8. The method according to claim 7, characterized in that The merging of the at least two first term components to obtain the second quantity of second term components in the case where the first quantity is greater than or equal to an excess threshold includes: In the case where the first quantity is greater than or equal to the excess threshold and less than the massive threshold, the at least two first term components are combined to obtain second term components with a first interval quantity, where the massive threshold is greater than the excess threshold; or, in the case where the first quantity is greater than or equal to the excess threshold and the first quantity is greater than or equal to the massive threshold, the at least two first term components are combined to obtain second term components with a second interval quantity, where the second interval quantity is greater than the first interval quantity.

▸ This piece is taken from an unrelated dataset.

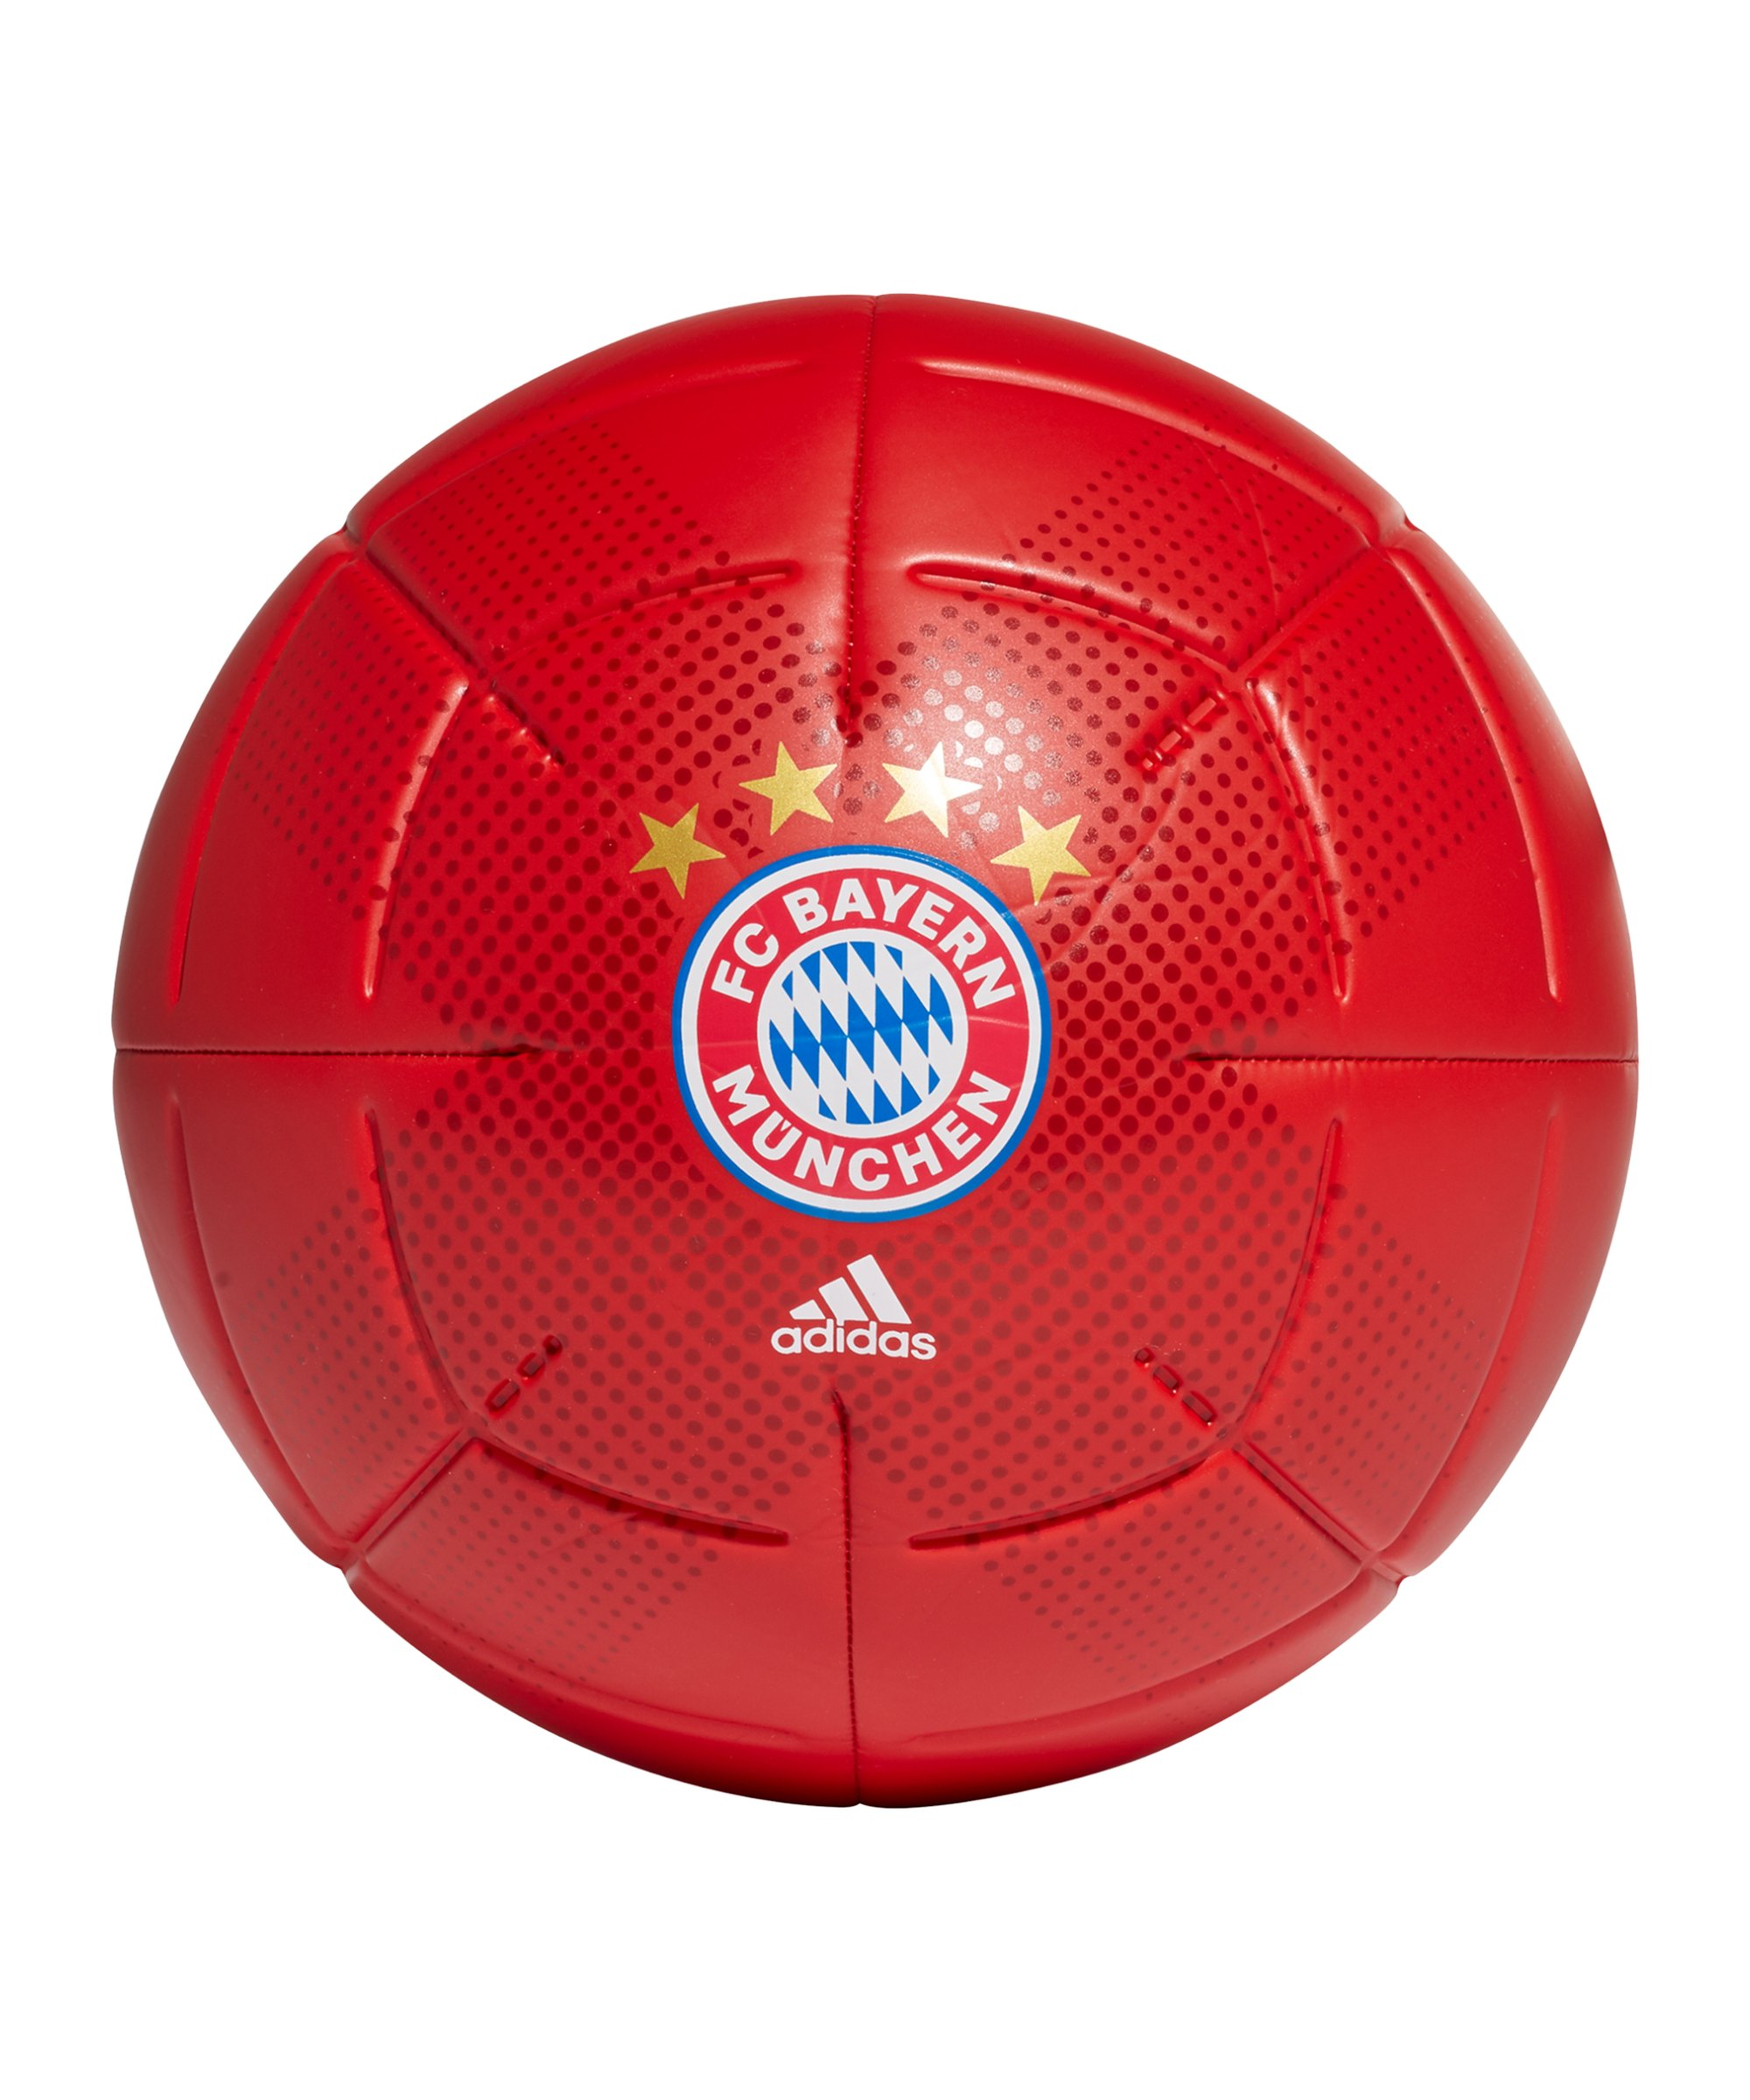 adidas FC Bayern München Club Fussball Rot Weiss - rot

9. A term processing device, characterized in that, Comprising: A splitting unit, configured to perform a term splitting process on the at least two original terms in response to a standard term recall request triggered for the at least two original terms in a specific field, to obtain first term components with a first quantity, where the standard term recall request is used to request the recall of at least one output standard term that matches the at least two original terms; A combining unit, configured to combine at least two first term components with the same expressed meaning among the first term components with the first quantity, to obtain second term components with a second quantity, where the second quantity is less than the first quantity; A constructing unit, configured to construct a first term operation network for the at least two original terms, and construct a second term operation network for the standard terms in the specific field; A recall unit, configured to recall at least one output node that meets the recall conditions corresponding to the nodes of the first term operation network from the nodes of the second term operation network, where the nodes of the first term operation network correspond to the term components in the second term components with the second quantity, and the nodes of the second term operation network correspond to the term components in the standard terms; A determining unit, configured to determine the term components corresponding to the at least one output node as the at least one output standard term.

10. A computer-readable storage medium, characterized in that, The computer-readable storage medium includes a stored program, where the program, when run by an electronic device, executes the method described in any one of claims 1 to 8.

11. A computer program product, comprising a computer program / instructions, characterized in that, The computer program / instructions, when executed by a processor, implement the steps of the method described in any one of claims 1 to 8.

12. An electronic device, comprising a memory and a processor, characterized in that, A computer program is stored in the memory, and the processor is configured to execute the method described in any one of claims 1 to 8 through the computer program.